日が長くなったとはいえ、とっくに19時を過ぎ、もうすぐ20時になろうとしている。




今日は頑張ってご飯を作ろう。


そう決めていたけれど、通りの飲食店の匂いについつい釣られてしまいそうになる。


あぁ、そう言えば、ここのパスタが絶品だと同僚が言っていたような気がする。


でも、今日はダメだ。


明日は新規プロジェクトのプレゼンもあるし、下準備は大事だ。


せっかく任されたのだから、この案件をしっかり成功させたい。


美味しそうな匂いに別れを告げ、私は青になった信号を歩き始める。




バシャバシャバシャ


と、車が猛スピードで走り水たまりの水を撥ねている。


車のスピードに、頭も体も追いつかなかった。


段々と、青白いライトが私を照らす。




こっちに来る!!



そう思った時には…




ドンッッ!!!!!!!!!!!!!!!!





私の体は、宙を舞った。






目をあけると、白い天井が見えた。


ズキンっと頭が痛み、もう一度目を閉じる。


ここは、どこなんだろう?


ピッピッピッ


と、規則的な音や、


ピピピピピッピピピピピッ


という何かのアラームのような音、


カチカチカチカチ


という何かを打つような音。


様々な音が聞こえてくる。


それと同時に、誰かの話す声も聞こえてくる。


今度は触覚に意識をやる。


胸には、何かのコードが3種類ほど付けられてる。


そして、左の中指は何かで覆われている感覚があるし、左腕には何か貼りつけられている感覚がある。


胸から腹部にかけては何か固定されているようだった。


少しの痛みはあるが、耐えられない痛みではない。




もう一度、ゆっくり目を開ける。




「あ、気づかれましたか?」


声がする方に目を向けると、そこには可愛らしい笑顔を浮かべた女性が立っていた。


クリっとしたアーモンドアイに、人形のように長く伸びた上下の睫毛。


スッと通った鼻筋に、ぷっくりとした唇。


間違いなく、美少女だった。




「ここ、病院ですよ。ここに運ばれてきてからずっと意識がなかったから…。本当に良かったです。」


女性の首にかけられた名札には、顔写真と共に『看護師あいかわ 相川満里恵まりえ』と書かれていた。

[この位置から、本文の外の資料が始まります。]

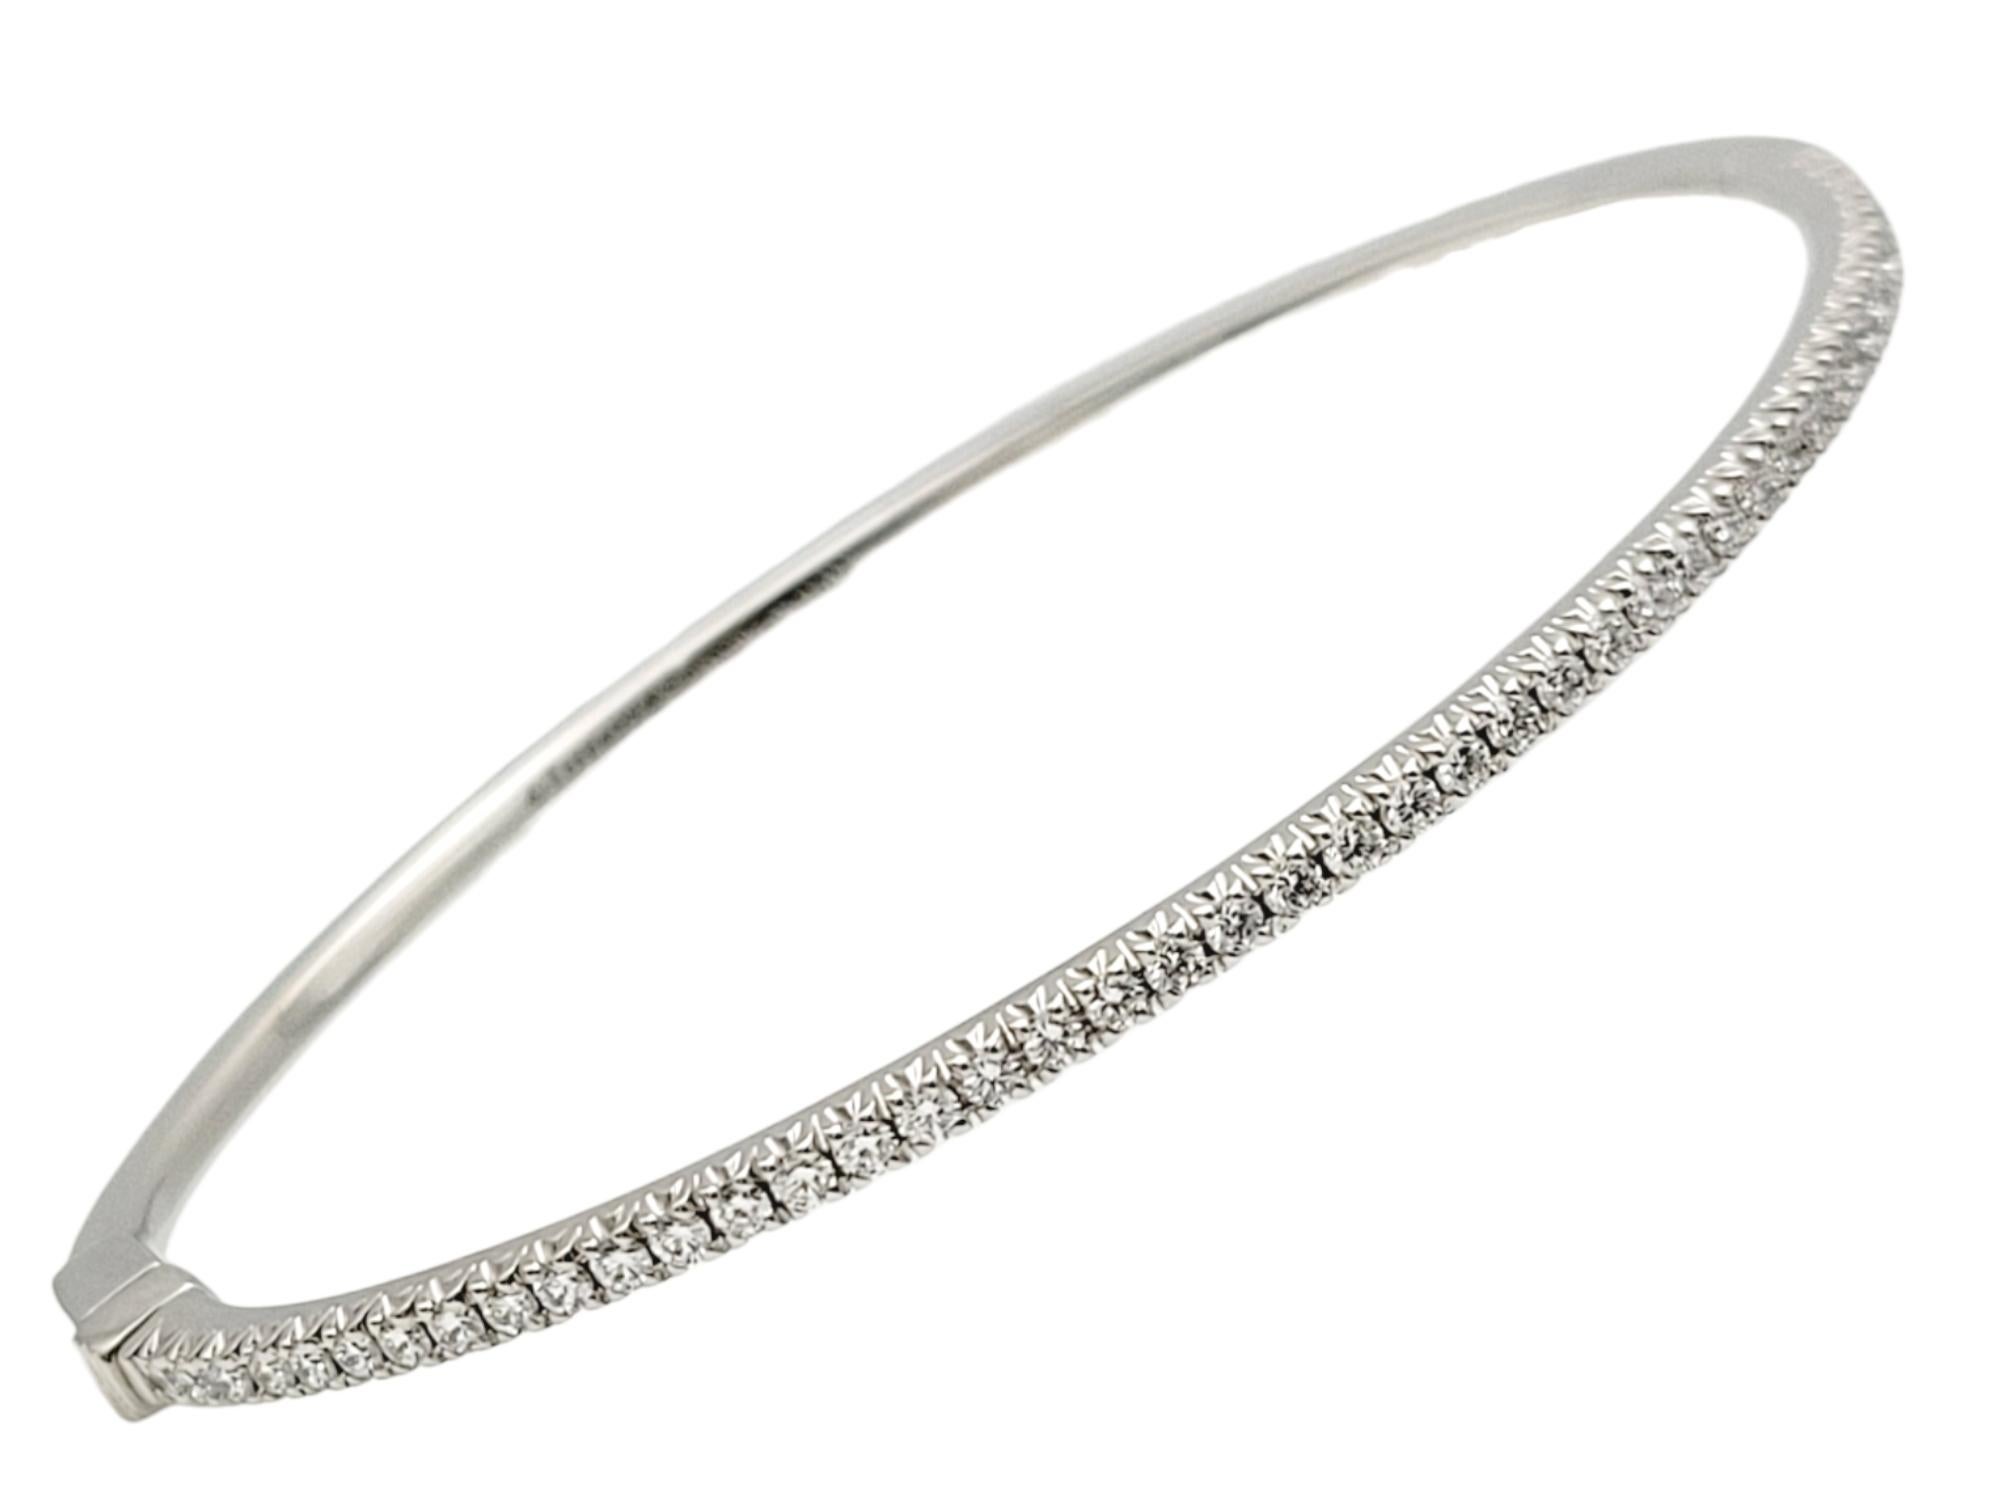 Ce magnifique bracelet en diamants de Tiffany & Co. est une pièce exceptionnelle de la célèbre Collectional de Tiffany. Ce bracelet présente un design moderne et épuré qui rappelle l'horizon scintillant d'une ville la nuit. C'est le summum de

「私、看護師の相川です。今日は私が担当させていただきます。何かあればすぐにおっしゃってくださいね。」


丁寧に自己紹介をすると、ちょっと点滴を変えますね。と、相川は慣れた手つきでパソコンを操作し、点滴の認証をする。


そして、


「点滴の確認のためにお名前を教えてもらってもいいですか?」


そう言われ考えるが、自分の名前がわからない。


相川は少し戸惑いながら私を見ていた。


「どうしました?あ、どこか痛みます?それとも、苦しいです?」


と心配そうに言われるが、考えれば考えるほど頭がガンガンとしてくる。


最初はガンガンだった痛みは次第に酷くなっていき、頭をコンクリートの壁に打ち付けられているかのような痛みへと変わっていく。


私は思わず、その痛みから頭を庇うように両手で押さえた。




「だ、大丈夫ですか?ちょっと待ってくださいね、先生呼んできますから!」


相川は血相を変えて飛び出していったが、私は次第に激しさを増す頭痛に耐え切れず、頭を抱え蹲ることしかできなかった。




しばらくすると、


「大丈夫ですか?」


と白衣を着た長身の若い男性が急いで飛び込んできた。


首からかけられた名札には、『医師 高濱たかはま 慎太郎しんたろう』と書かれている。


男性は私を見ると、


「良かった…。本当に良かった!!」


と言うと、ギュッと抱きしめた。


男性用のシトラス系の香水の香りがした。


なんでこの人に抱きしめられているのかはわからないが、この香りは何だか懐かしいような気もする。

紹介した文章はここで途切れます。